Politische Nachlese 13.1. Teil 2: Pflegegeld
Januar 13th, 2010Albert Brandstätter
In der “Presse” vom 13.1. (S.2) unterstützt der neue Bundesbehindertenanwalt die Forderung der Behindertenverbände nach einer automatischen jährlichen Valorisierung des Pflegegeldes wie bei der jährlichen Pensionserhöhung. Sehr gut! Bei der Umsetzung wird allerdings dann wieder der Staatsbankrott ausgerufen werden, fürchte ich.
Wir brauchen neue Standards bei derPflegegeldeinstufung
Sozialminister Hundstorfer schlägt vor, dass bei der Einstufung zusätzlich zu den Ärzten auch die Pflegehelfer einbezogen werden. Das ist ein Schritt in die richtige Richtung. Aber er reicht noch nicht: Es braucht grundsätzlich einen multidisziplinären Ansatz und neue Standards bei der Pflegegeldeinstufung. Derzeit liegt die Beurteilung in der Hand einzelner Gutachter, die zwar überwiegend ausgebildete Mediziner sind, aber über wenig Erfahrung zum Beispiel im Bereich der Kinderneurologie verfügen. Daher braucht es eine standardisierte Begutachtungspraxis, die auf Objektivität und ein Mehr-Augen-Prinzip setzt und kontinuierlich mittels Qualitätsstandards überprüft wird. Wir sind der Meinung, dass nur ein Team aus Fachleuten aus den Bereichen Pflege, Psychologie, Psychiatrie, Sonder- und Heilpädagogik und kinder-neurologische Medizin in der Lage ist, eine objektive und zuverlässige Diagnose durchzuführen.

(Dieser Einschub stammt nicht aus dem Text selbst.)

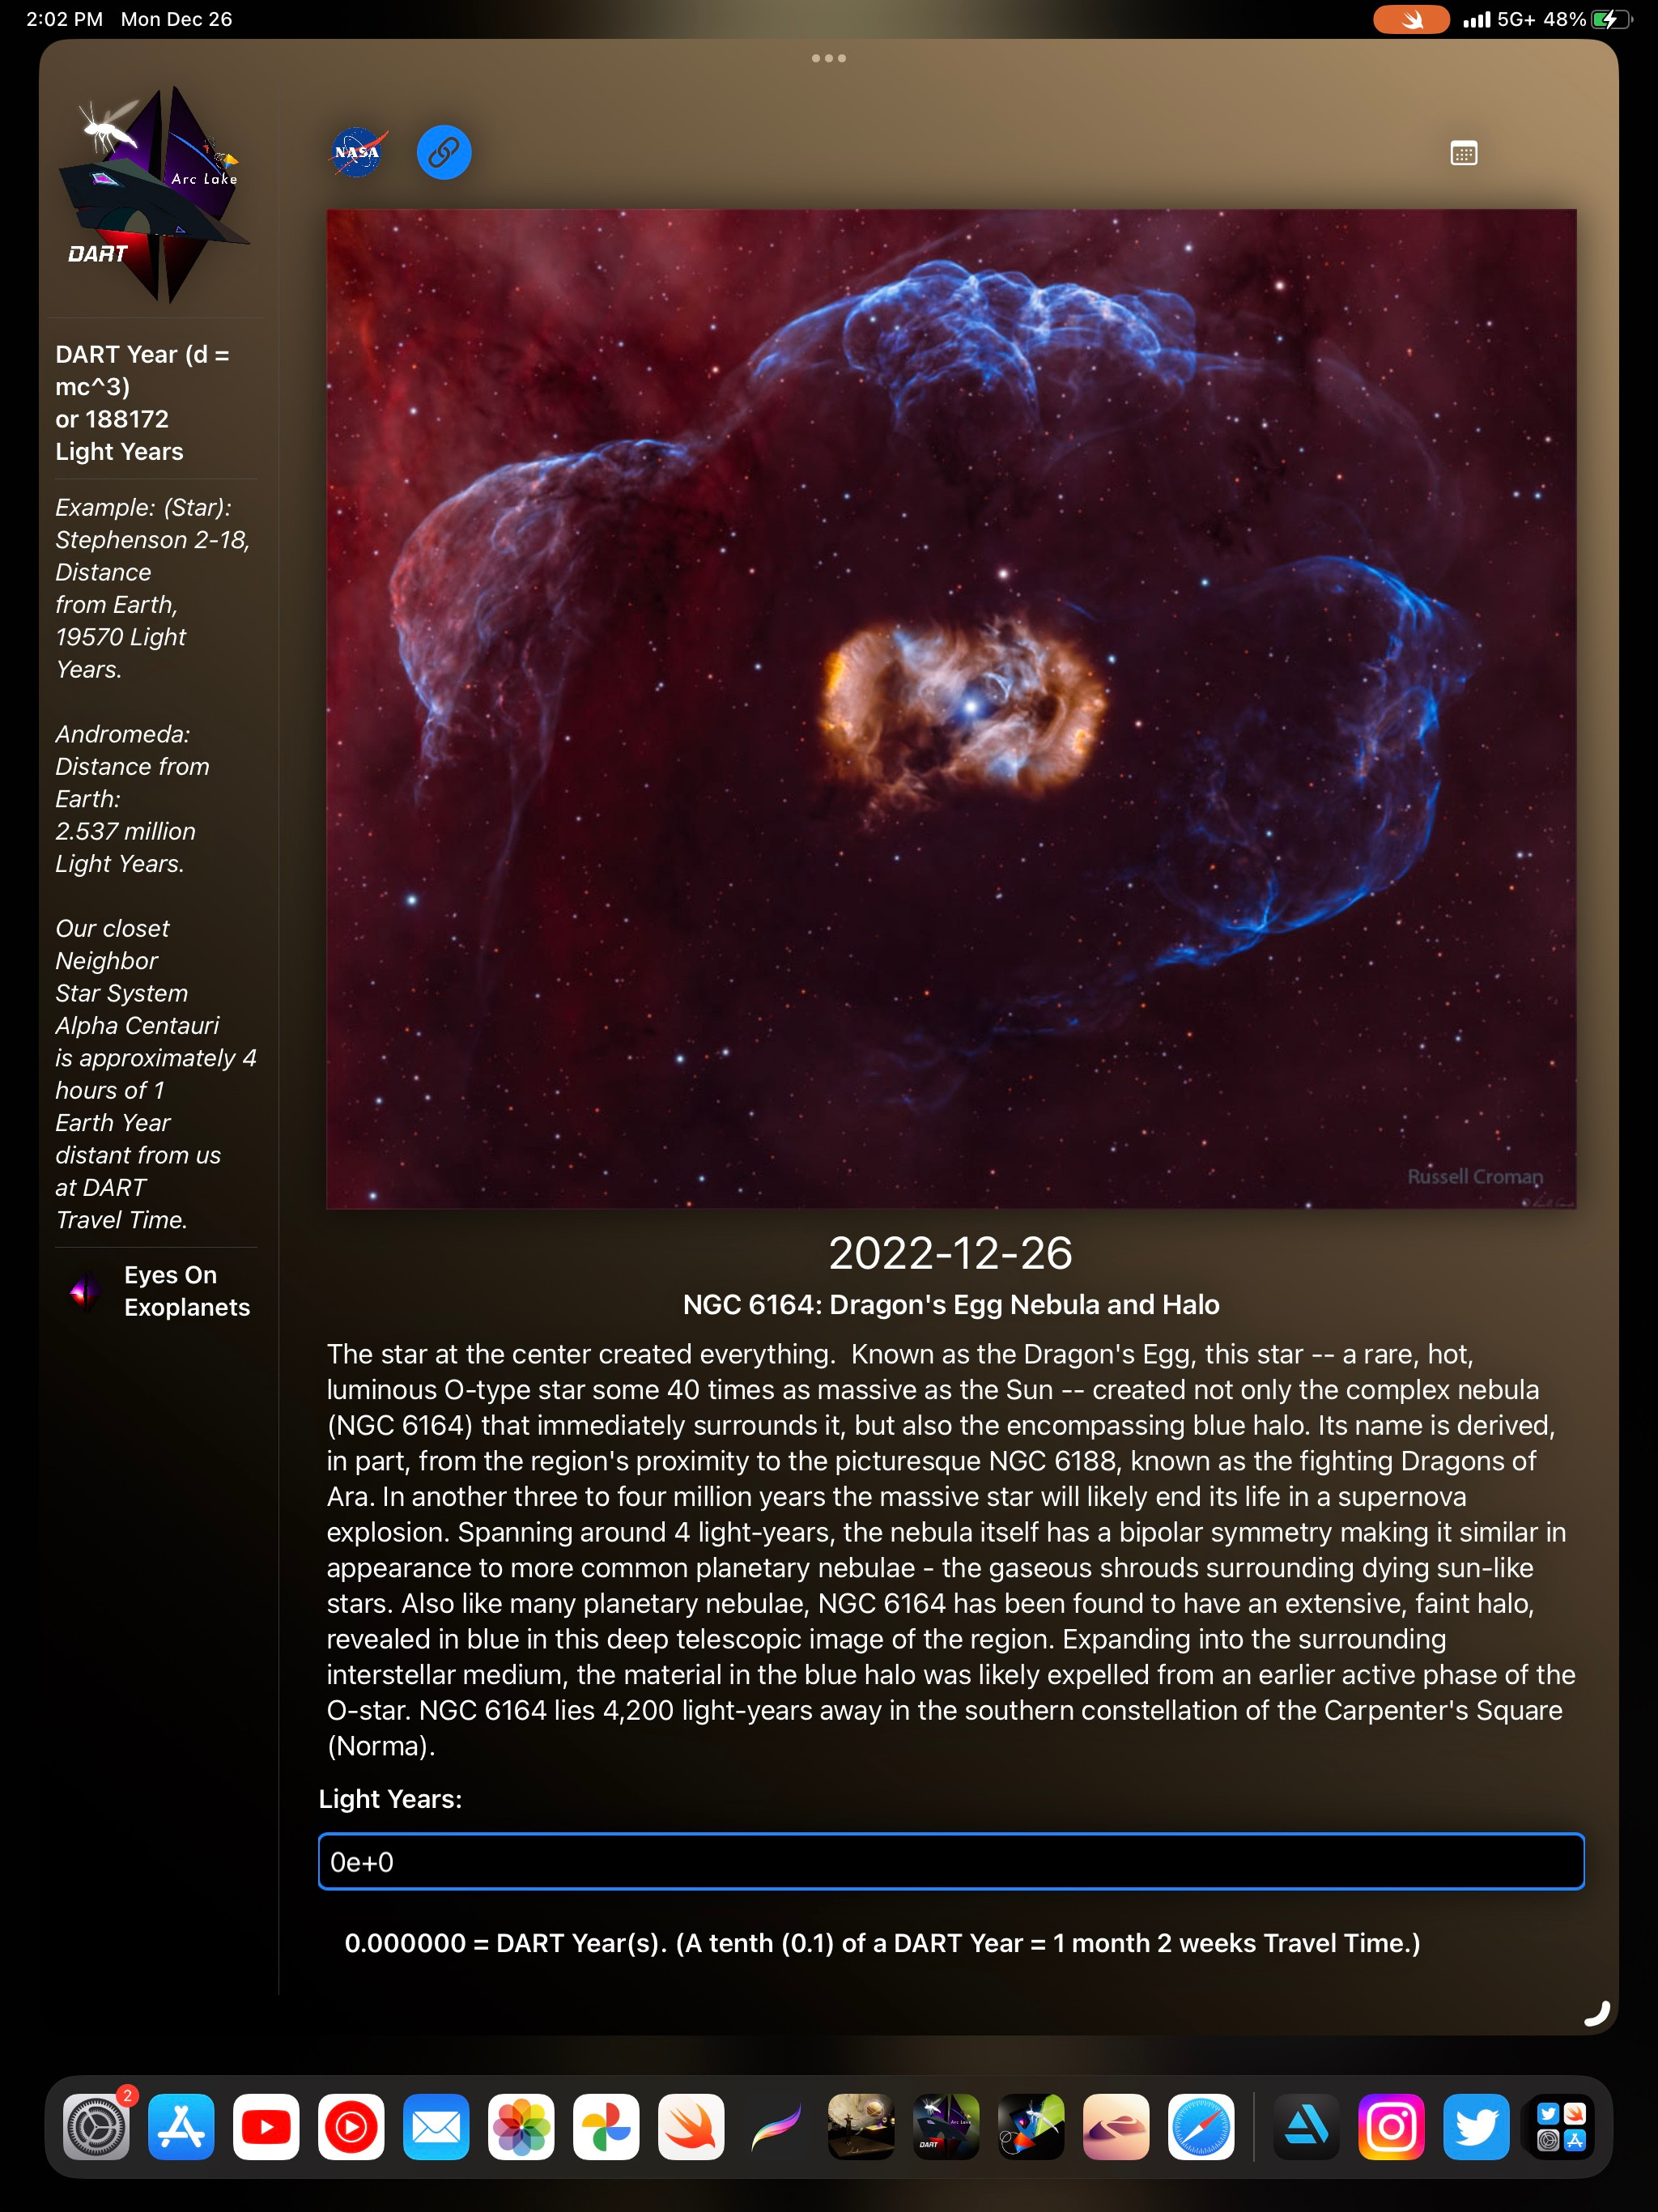 Arc Lake DART, NASA Astronomy Image of the Day. iPad. v1.0.4 Update.

Alle behinderten Kinder brauchen besondere Förderung!
Buchinger verweist in demselben Artikel auf die Verbesserungen der Pflegegeldeinstufung bei schwerbehinderten Kindern und empfiehlt eine Überprüfung 2011. Gut, aber: Auch hier müssen wir wieder betonen, dass die Unterscheidung von schwerbehinderten von (- ja was: nicht schwer = normal?) behinderten Kindern nicht akzeptabel ist.
Aus Sicht der Lebenshilfe Österreich hält die Definition der Schwerstbehinderung in der Praxis nicht stand. Präsident Weber hat schon mehrmals erklärt: „Ab wann ist ein Kind schwerst behindert? Nach der neuen Definition ist ein Kind mit autistischen Zügen erst dann schwerstbehindert, wenn es schwer verhaltensauffällig ist und mit einer schweren intellektuellen Behinderung lebt. Aber auch wenn es nicht so schwer behindert ist, braucht dieses Kind eine spezielle Förderung, die von den Eltern ein Übermaß an Zeit und Energie abverlangt und somit einen Erschwerniszuschlag rechtfertigt. Dieser zusätzliche Betreuungsaufwand wird noch immer viel zu wenig berücksichtigt.”